I have 10 rows of text data in a CSV file. I want to make corrcetion to the various misspellings. For example of the word "battery" ( misspelled as "battere" or "batt" etc ). I consider using StemDocument followed by stemCompletion, and hence used the following code:
library(tm)
library(SnowballC)
text.var<-read.csv("C:\\Users\\Sambit\\Desktop\\Sample Data.csv",header=FALSE)
data_corp<-Corpus(VectorSource(text.var))
data_corp.copy<-data_corp
data_corp<-tm_map(data_corp, stemDocument)
data_corp<-tm_map(data_corp, stemCompletion, dictionary=data_corp.copy)
However, the last step , that is the Stem Completion step is showing the following error:
Error in setNames(if (length(n)) n else rep(NA, length(x)), x) :
'names' attribute [10] must be the same length as the vector [2]

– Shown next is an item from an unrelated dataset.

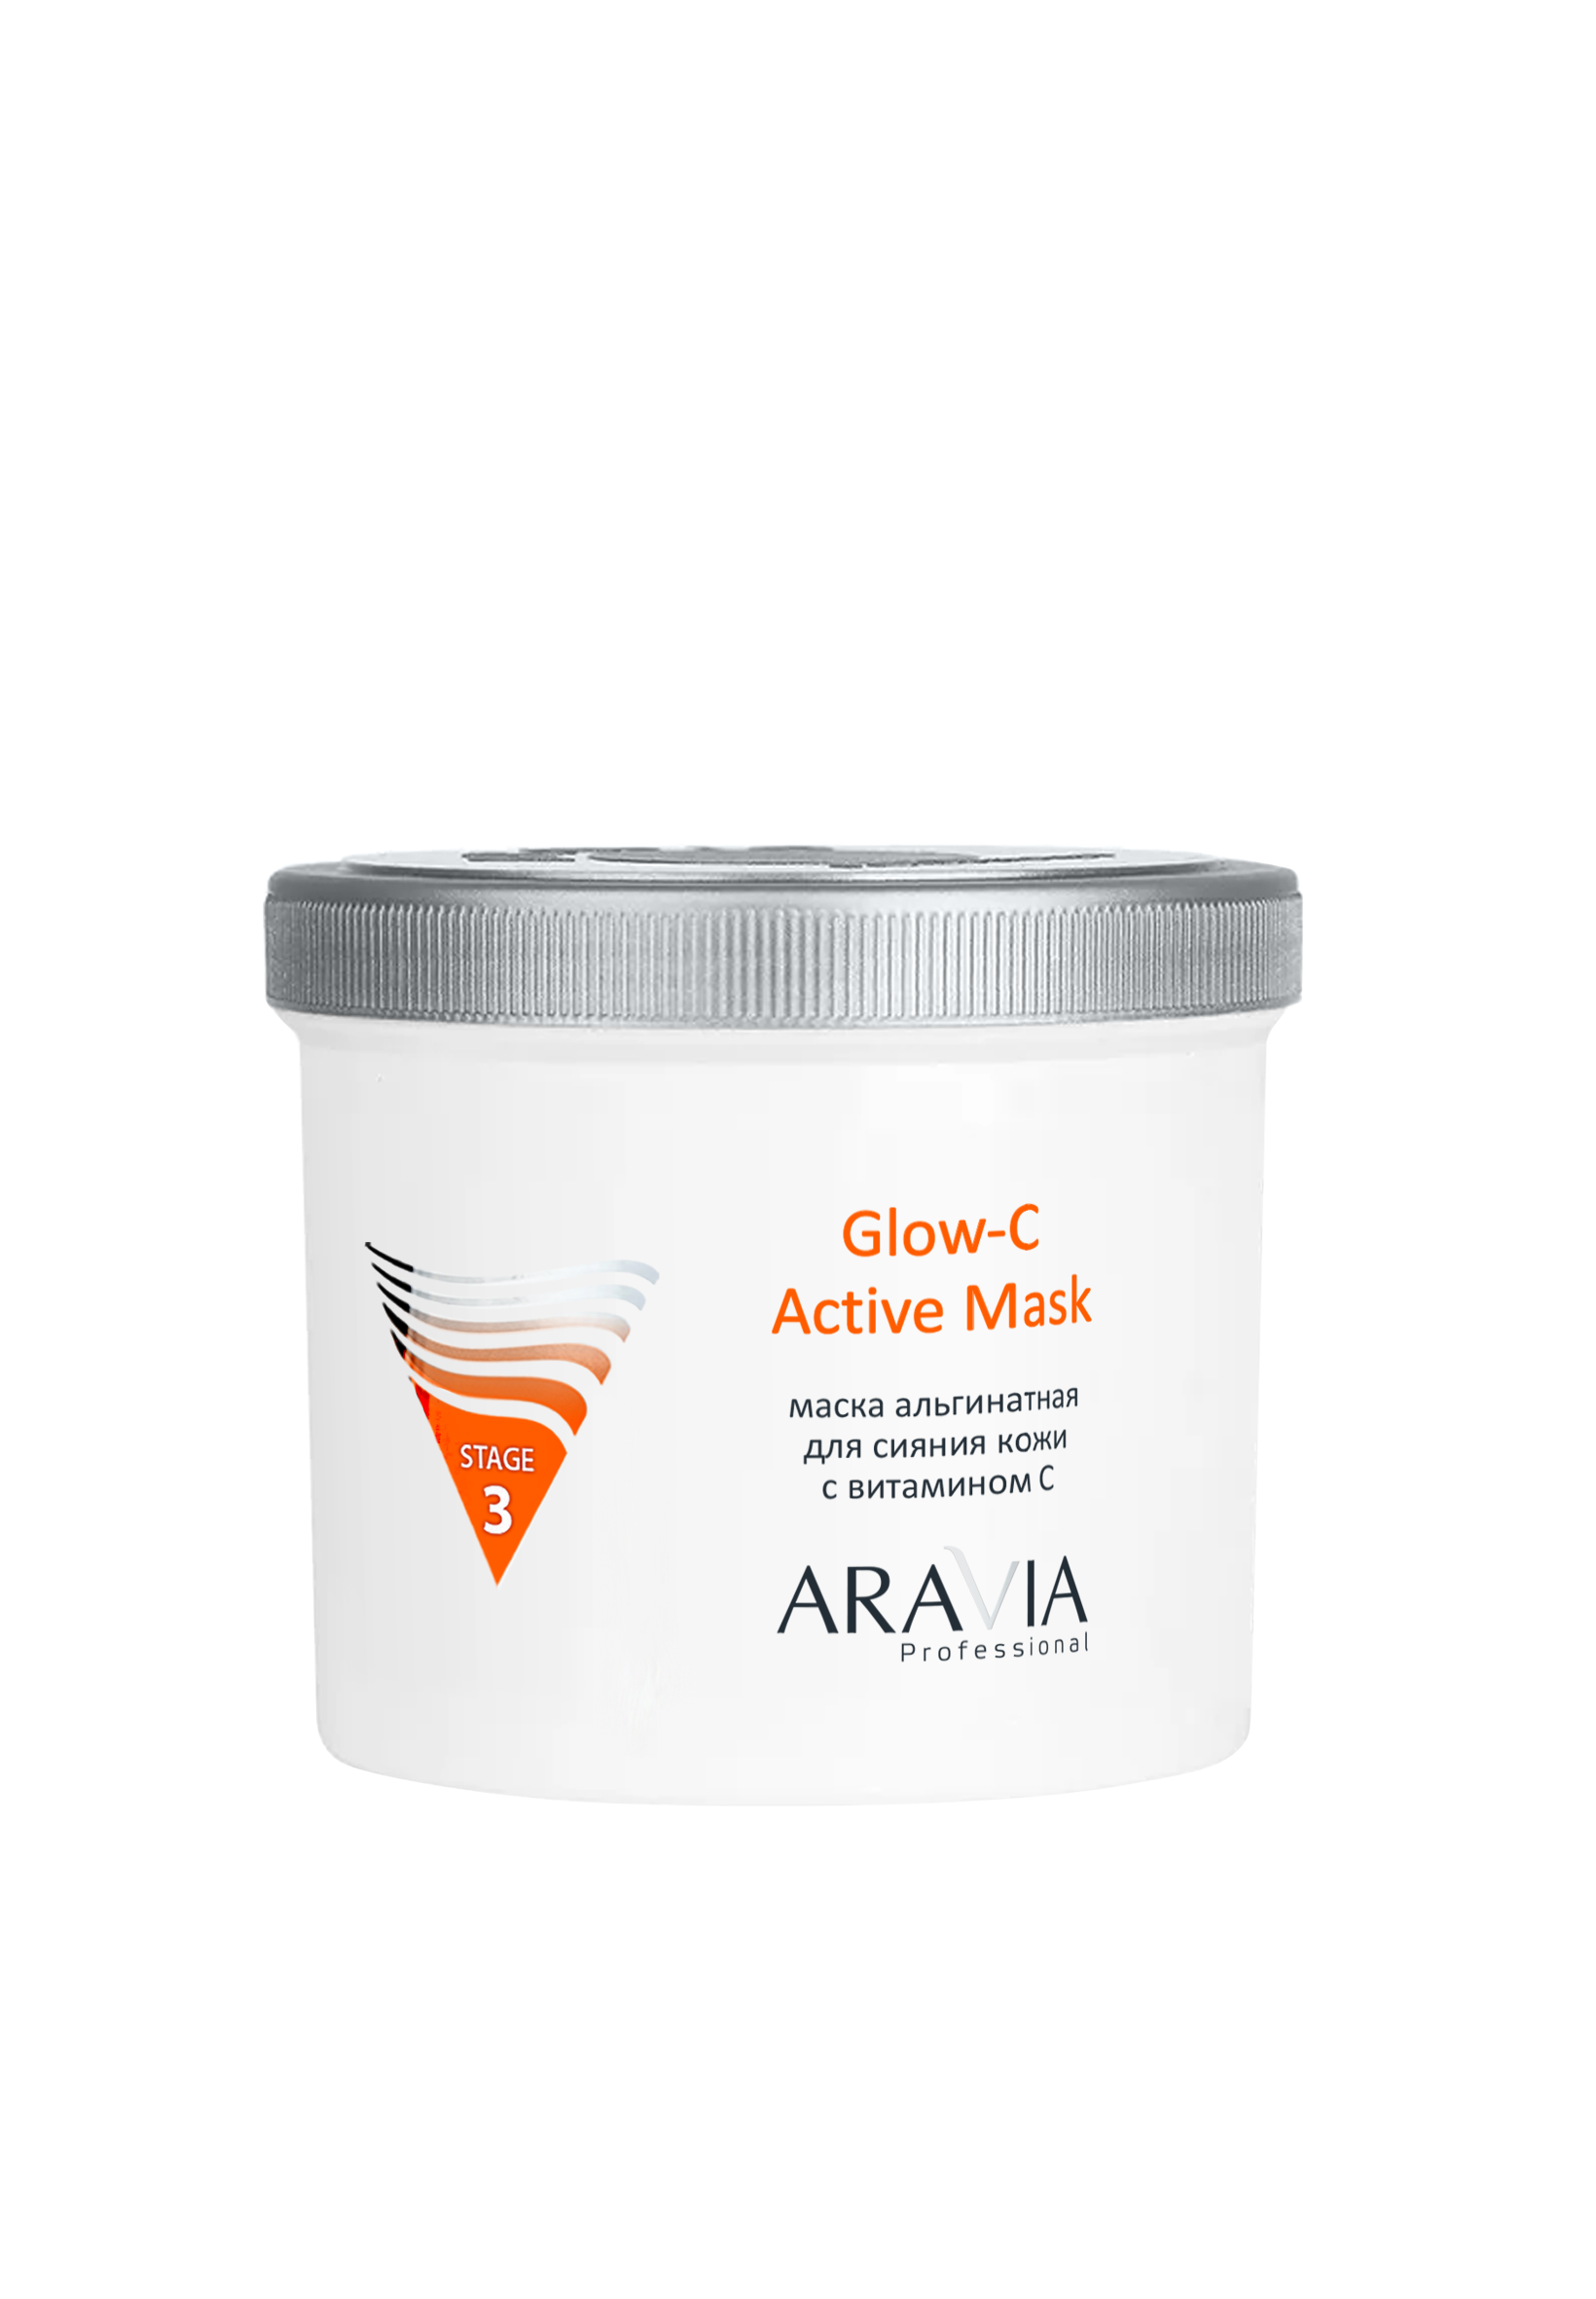 ARAVIA Professional Альгинатная маска для сияния кожи с витамином С Glow-C Active Mask, 550мл

In addition: Warning messages:
1: In grep(sprintf("^%s", w), dictionary, value = TRUE) :
argument 'pattern' has length > 1 and only the first element will be used
2: In grep(sprintf("^%s", w), dictionary, value = TRUE) :
argument 'pattern' has length > 1 and only the first element will be used
Where did I go possibly wrong?